In summary, proposed solutions to different modes of provider resistance to workforce data sharing reflected assumptions about what underpinned these resistances. Managers’ solutions largely misdiagnosed reactivity effects, overlooking the political nature of providers’ concerns and addressing only “surface” and “deeper” levels of resistance, while neglecting the more fundamental “root” challenge of power and trust.

In this article, we examine the mandatory reporting of general practice workforce data in the English NHS as a new arena of contestation around a calculative practice, revealing defensive reactivity effects among service providers and managers. As an example of healthcare data reporting, our analysis points to the need for a more nuanced debate about workforce data transparency and the potentially counter-performative nature of the reporting process.

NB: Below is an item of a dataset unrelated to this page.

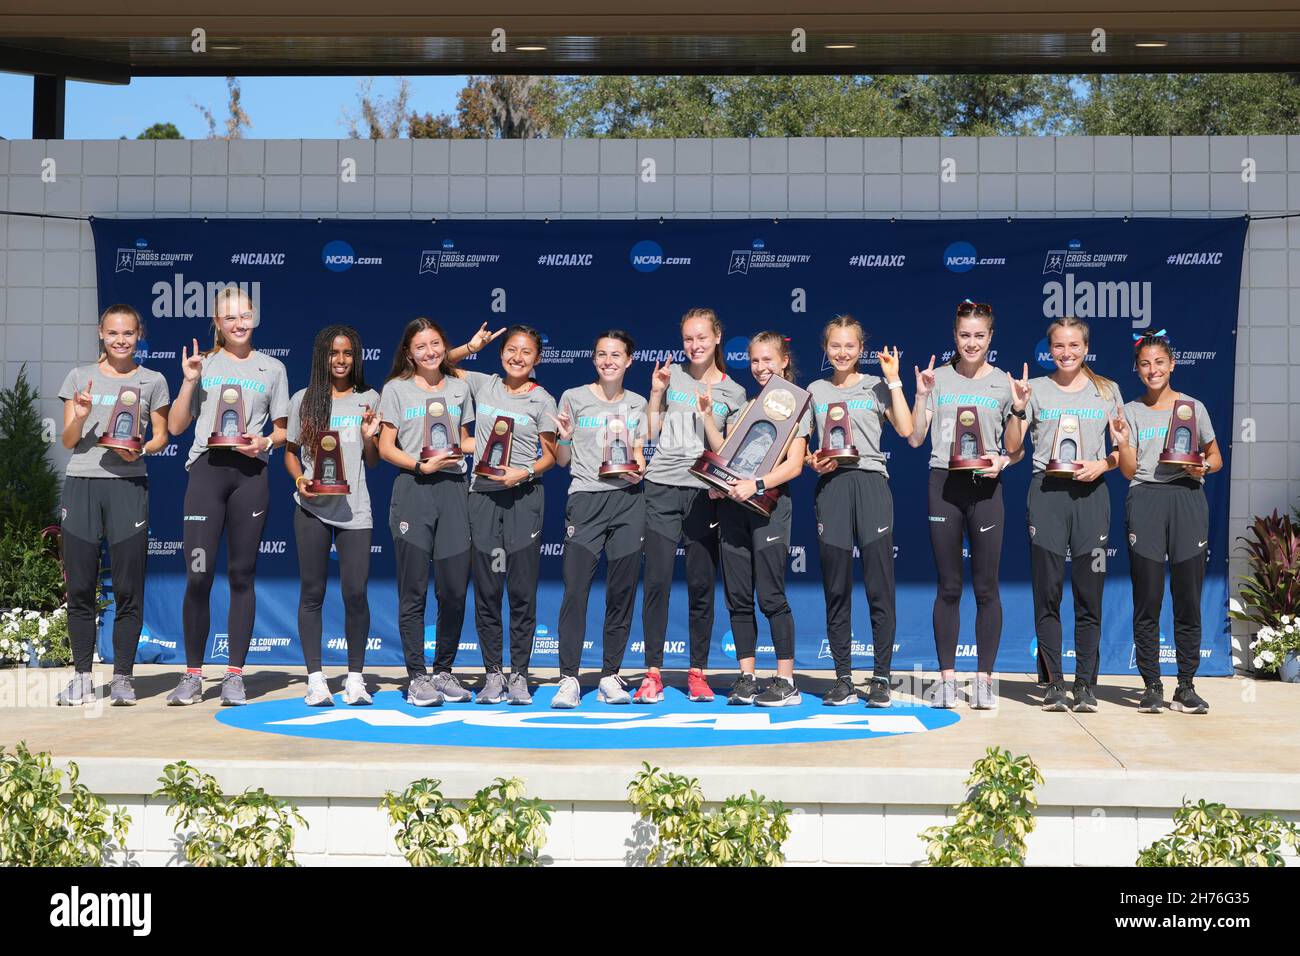 Die New Mexico Lobos Damen-Mannschaft posiert mit Trophäe, nachdem sie bei den NCAA Cross Country Meisterschaften im Apalachee Regional Park, Saturd, den dritten Platz belegt hat Stockfoto

Our analysis of this case highlights that GP providers ostensibly complied with workforce data reporting while admitting to a tokenistic form of data completion attributed to a range of practical and/or rational barriers. These barriers – too busy, tools overly complicated, failing to understand the purpose of the exercise, no return for efforts – are encompassed in what we term “surface” and “deeper” forms of resistance. We further identify a more political “root” form of resistance, where practices sought to avert exposure and scrutiny of individual business models and pushed back against a potential form of monitoring and/or control by revealing only partial information. We highlight that managers’ solutions to these surface and deeper resistances typically failed to address the “root” resistance – GPs’ embedded mistrust of a calculative practice perceived as “surveilling” their business activity (Table 2). Indeed, such solutions frequently distracted from the political power struggle at play.

Table 2

Provider forms of resistance and manager interpretations/responses

GP provider forms of resistanceDefinitions of resistancesCommissioner and policymaker interpretations of/responses to resistances
SurfaceBlaming technical/rational issues for problematic experiences of the data sharing processSimplify the reporting process/tool
DeeperQuestioning the purpose and benefit of data sharingProvide feedback on data returned and/or offer financial/business benefits for data sharing
RootContesting the “calculative practice” perceived as a mode of surveillanceEngage light-touch strategies that avoid addressing power dynamics between actors
Source(s): Authors’ own work

Our analysis supports prior anecdotal reports of “cynicism” among GPs about workforce data sharing (Edwards, 2016; Kelley-Patterson et al., 2017) but goes further in highlighting the failure to recognise the performativity (and counter-performativity) in the process. We propose that the formal policy here, framed within a rationalist narrative of neutrality and transparency, reflects a misapprehension about the political dimension of resistance or, arguably, a reluctance to articulate and engage with root causes. Our analysis suggests that in some cases, managers circumvented these issues by “looking the other way” to avoid threatening their relationships with GPs as business owners.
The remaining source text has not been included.